━━━ Exercise inputs ━━━

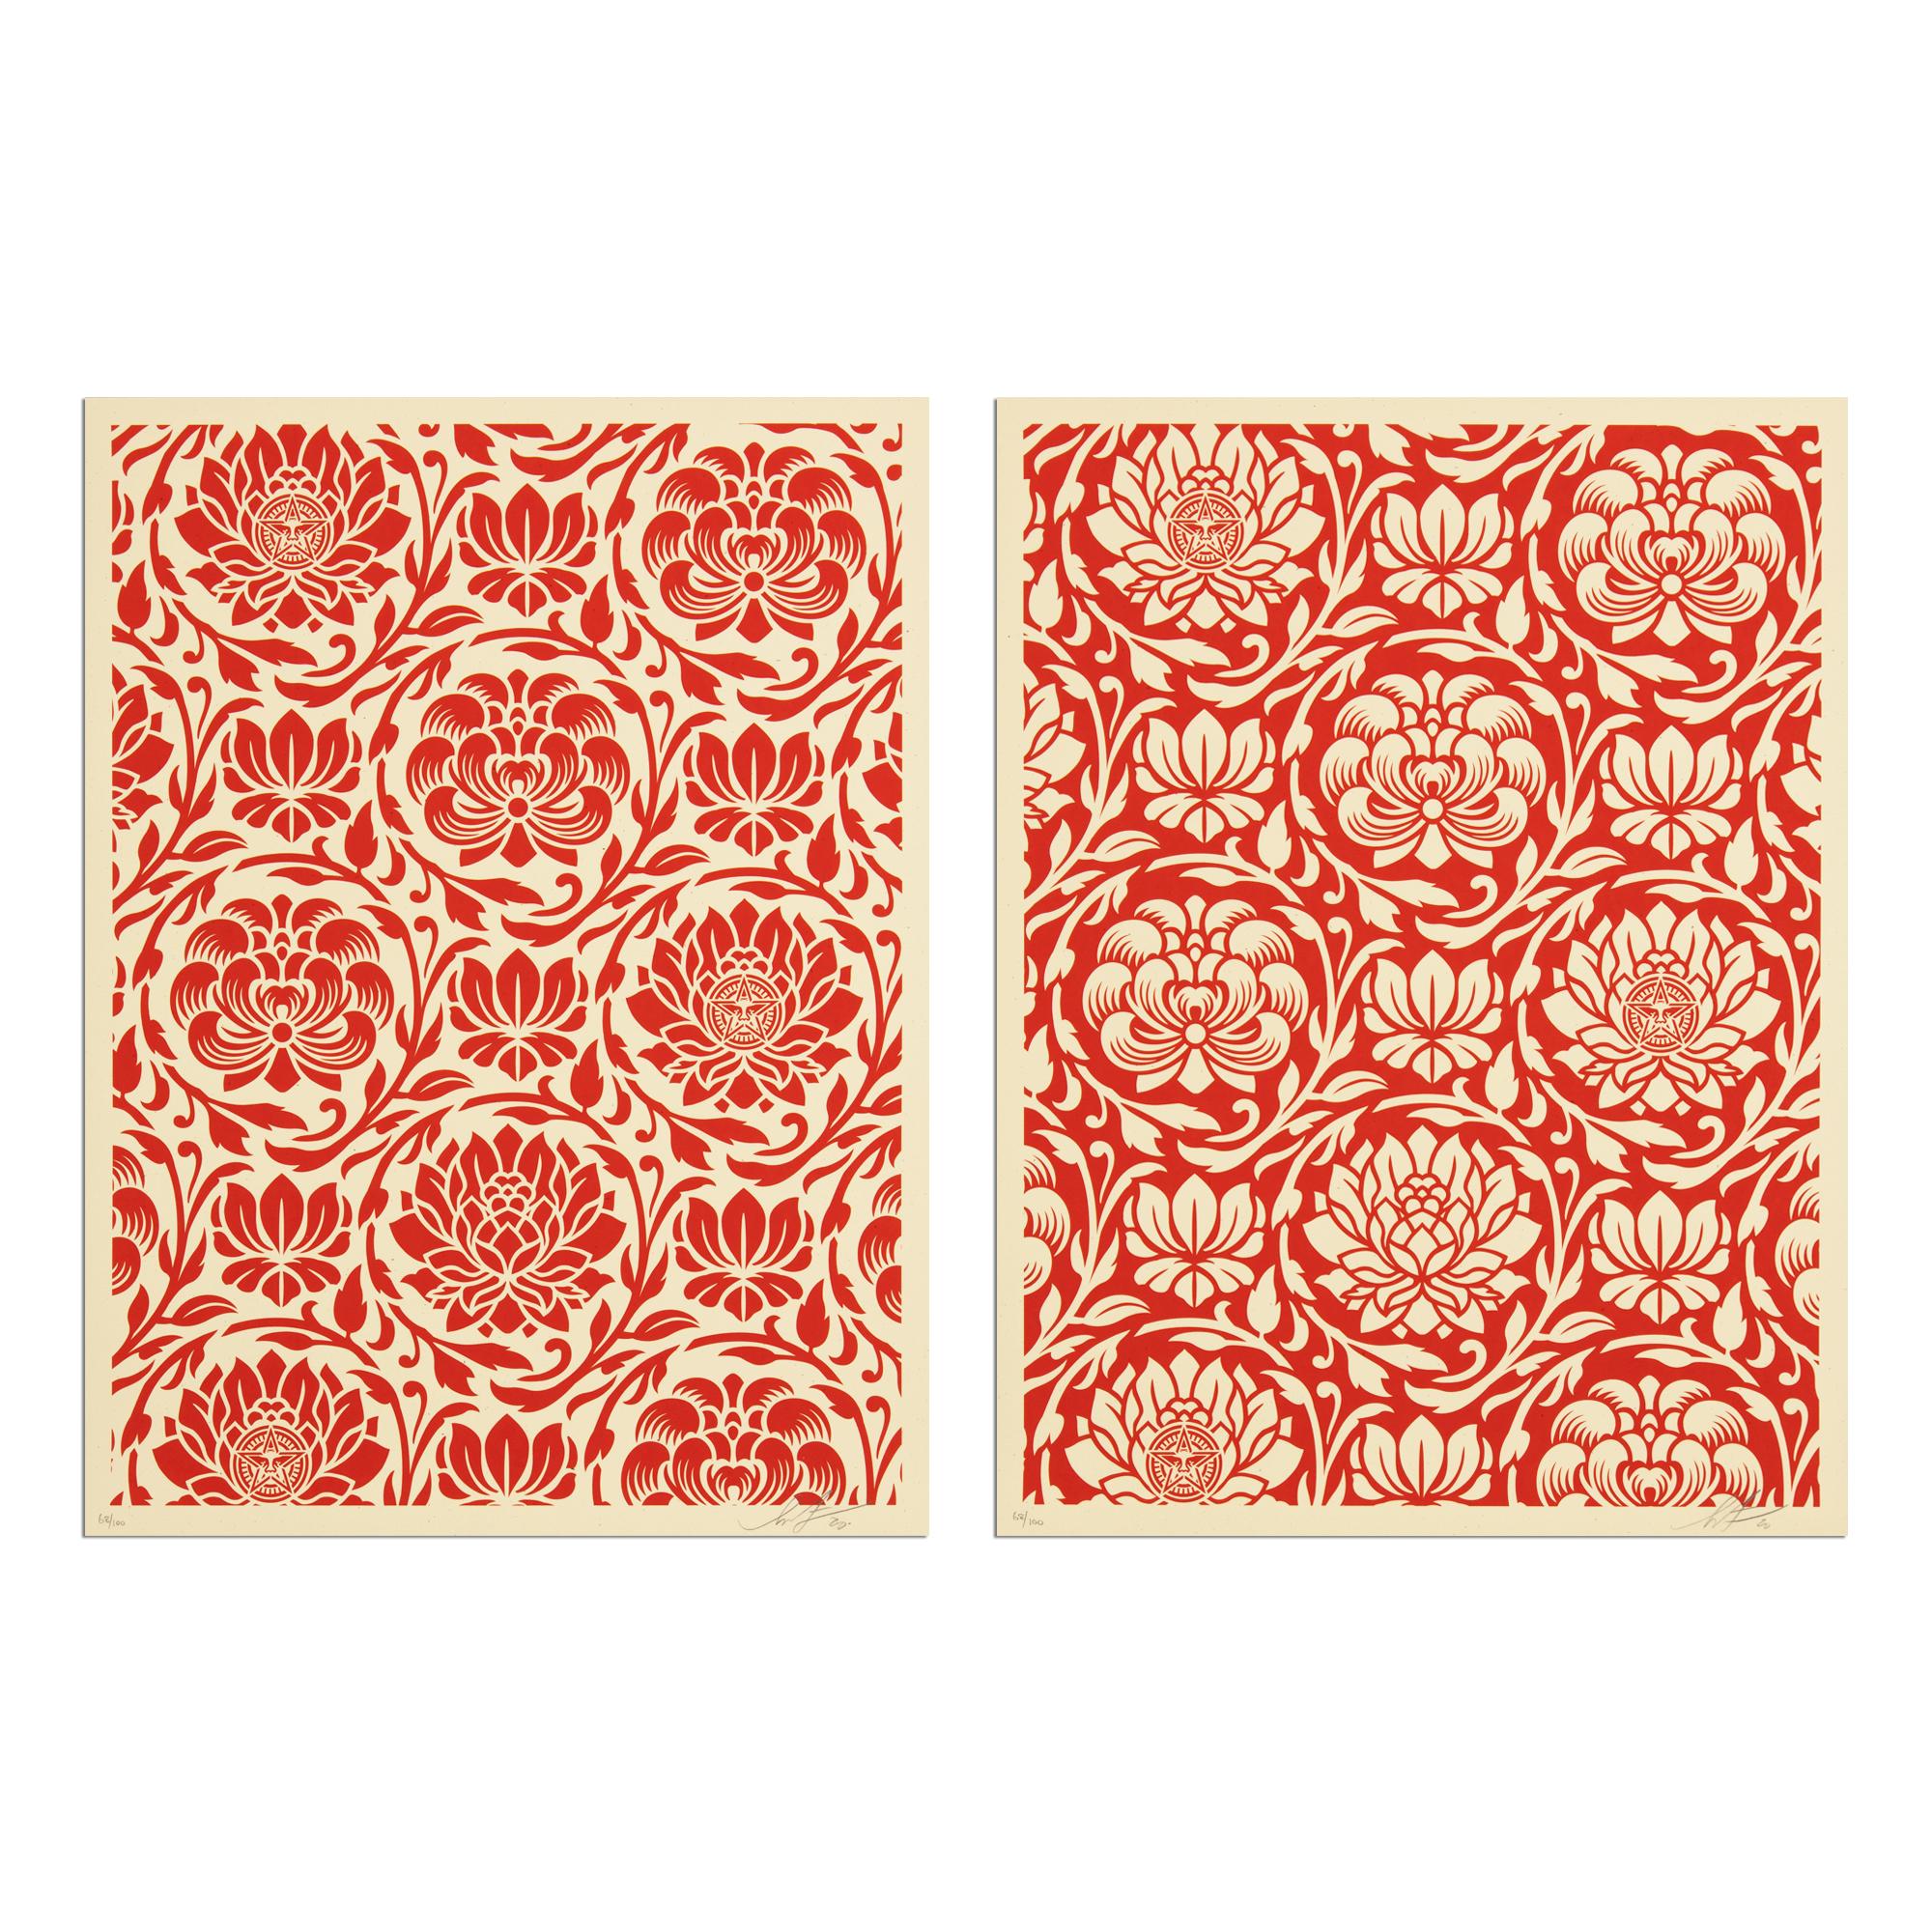 Shepard Fairey (américain, né en 1970)
Harmonie florale (Yin/Yang rouge), 2020
Support : 2 sérigraphies sur papier
Dimensions : chacun 24 x 18 in (61 x 46 cm)
Édition de 100 exemplaires : chaque exemplaire est signé et numéroté au crayon.
Condit :

━━━

* **Work to complete**
Quote each entry above verbatim and drop the pictures.

* **Exercise response**
 Shepard Fairey (américain, né en 1970)
Harmonie florale (Yin/Yang rouge), 2020
Support : 2 sérigraphies sur papier
Dimensions : chacun 24 x 18 in (61 x 46 cm)
Édition de 100 exemplaires : chaque exemplaire est signé et numéroté au crayon.
Condit :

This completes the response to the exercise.